# What the hell is going on with this recursive function

1. Feb 8, 2005

### gravenewworld

I am trying to follow the book on the proof that the factorial is a primitive recursive function and it is confusing as hell. It says

0!=1 y'!=y!y' (y' means the next one so 0=0 0'=1 0''=2 etc. )

We can simply define a two-argument function with a dummy argument, and then get rid of the dummy argument afterwards by composing with an identity function. For example in the case of the factorial function we can define

dummyfac(x,0)=const_1(x) (const_n(x)=n for all x)
dummyfac(x, y')=dummyfac(x,y)y'

so that dummyfac(x,y')=y! regardless the value of x, and then define fac(y)=dummyfac(y,y). More formally

fac=Cn[Pr[const_1, Cn[prod, id^3_3, id^3_2]], id, id]

The last part I do not understand at all. HOw the hell did they just come up with that function. Cn means take a composition of functions so Cn[f,g](x)=f(g(x)), Pr means primitive recursion functions, prod means product, id^a_b means if you have a list of a things, just take the bth one out of the list. It is just the identity.

2. Feb 8, 2005

### mathwonk

it is obvious that (n+1)! = n! (n+1). what else is there to know here?

someone is making a mountain out of a molehill.

3. Feb 9, 2005

### gravenewworld

I know that, but I am trying to translaste that easy concept into the formal definition given. I have to be able to do it know with easy stuff before things start getting really rediculous.

4. Feb 9, 2005

### Hurkyl

Staff Emeritus
What is the formal definition?

5. Feb 9, 2005

### gnome

Take a look at my thread "primitive recursive" started just a few days ago. Basically the same issue. Apparently recursion is formally defined in just those 2 ways & if you want to have a valid proof that a function was derived using recursion you have to do it in exactly one of those forms.

Have fun.

6. Feb 9, 2005

### gravenewworld

fac=Cn[Pr[const_1, Cn[prod, id^3_3, id^3_2]], id, id] is the "formal definition" Just simply stating (n+1)(n+1)! shows that the factorial is PR, but it doesn't prove it. In order to prove it is PR, you have to be able to write it in the boxed form I gave. The requirement to show something is PR is to show that

h(x,0)=f(x), h(x,y')=g(x,y,h(x,y))

where f and g are the basic functions, or have been derived from basic functions. If something meets that criteria than the short hand way to write it is h=Pr[f,g]

Last edited: Feb 9, 2005
7. Feb 9, 2005

### gravenewworld

Gnome I am using Computability and Logic by George Boolos, Burgess, and Jeffrey. Does you text have a proof for the factorial function?

8. Feb 9, 2005

### Hurkyl

Staff Emeritus
Cn[f,p,q](x) = f(p(x), q(x))?

Clearly, you want this recurrence relation:

h(x, y') = y' * h(x, y)

Right?

So your goal is to create g(x, y, z) = y' * z.

Right?

So, all you need to do is construct * and ' out of basic functions, and compose them appropriately.

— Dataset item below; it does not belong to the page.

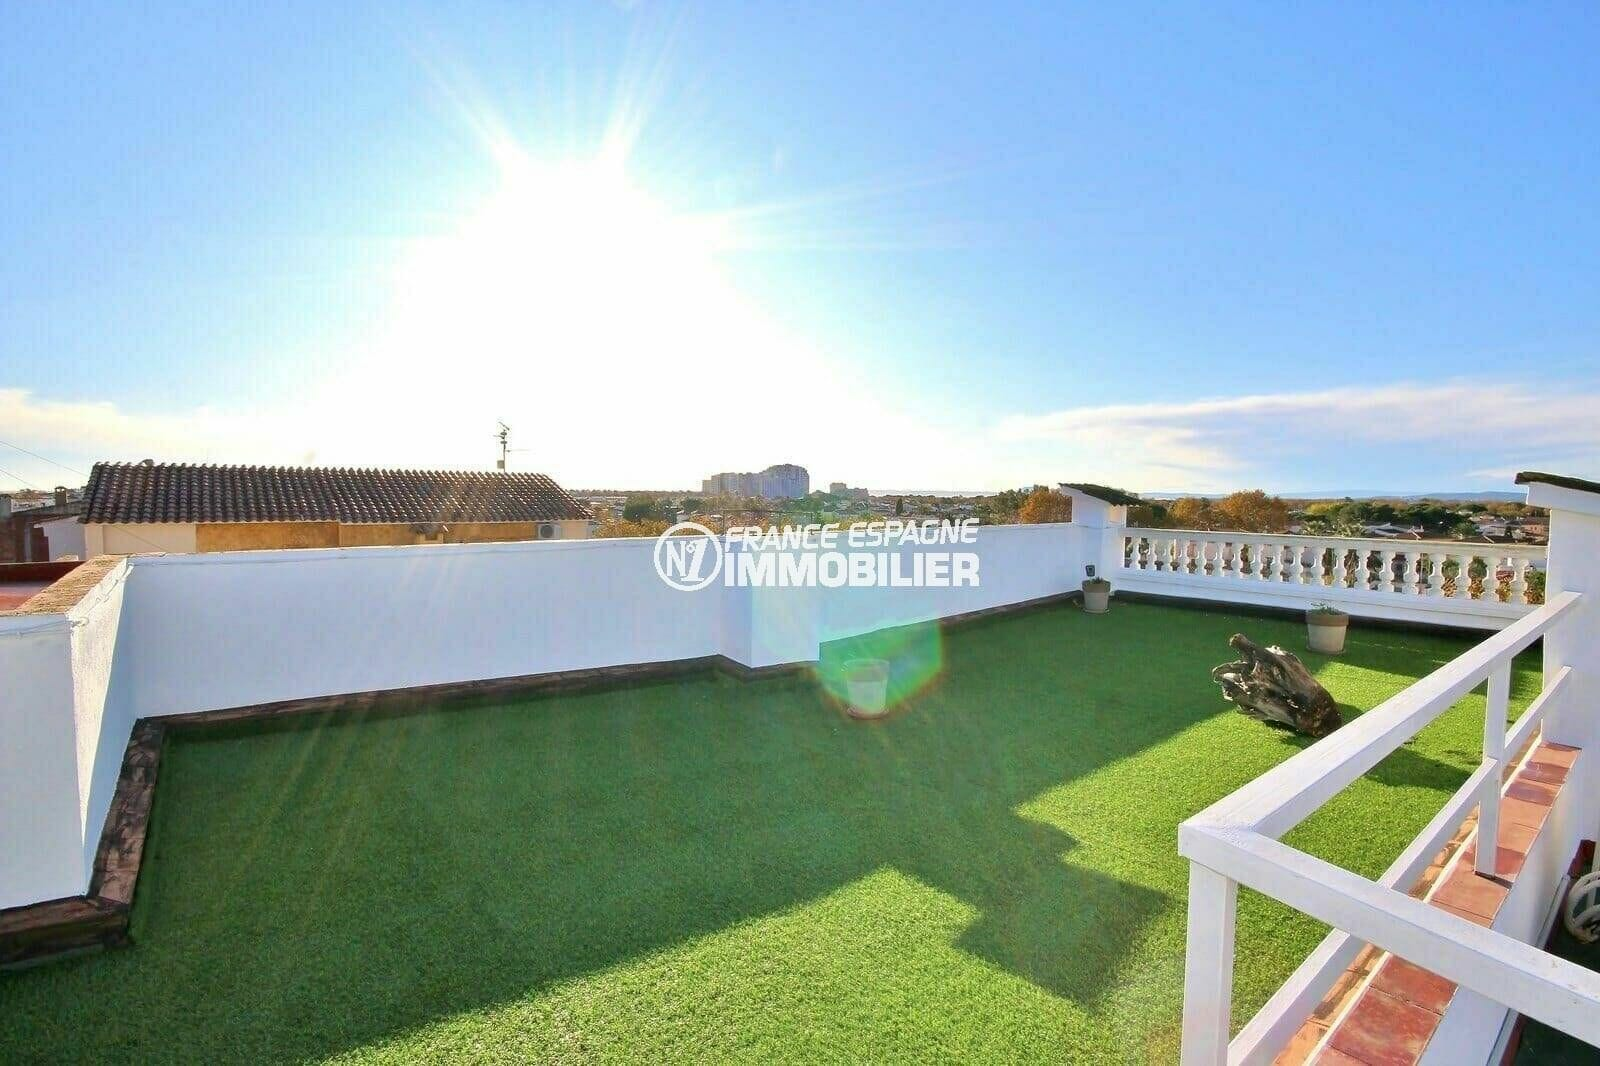 immo empuriabrava: appartement 108 m², terrasse solarium vue mer avec gazon synthétique

Rewriting: g(x, y, z) = Product(Successor(y), z)

...

9. Feb 9, 2005

### gravenewworld

so z is supposed to be fac(y) right? but then wouldn't I also have to make z come from basic functions as well, which is why the fac=Cn[Pr[const_1, Cn[prod, id^3_3, id^3_2]], id, id] looks so ugly? I'm sorry if I am not following, this is the first time I have ever done this, and I am studying this as an independent study.

10. Feb 9, 2005

### gravenewworld

Cn by the way means composition of functions so, h(x1,....,xn)=f(g1(x1,...,xn),......,gm(x1,......,xn)) is just written as h=Cn[f,g1,..,gm] if f is a function of m arguments and each g1,...gm is a function of n arguments. So yes Cn[f,p,q](x)=f(p(x),q(x))

11. Feb 10, 2005

### Hurkyl

Staff Emeritus
Yes, and no. You want g to satisfy the equation:

g(x, y, y!) = y' y!

right? One solution is g(x, y, z) = y' z.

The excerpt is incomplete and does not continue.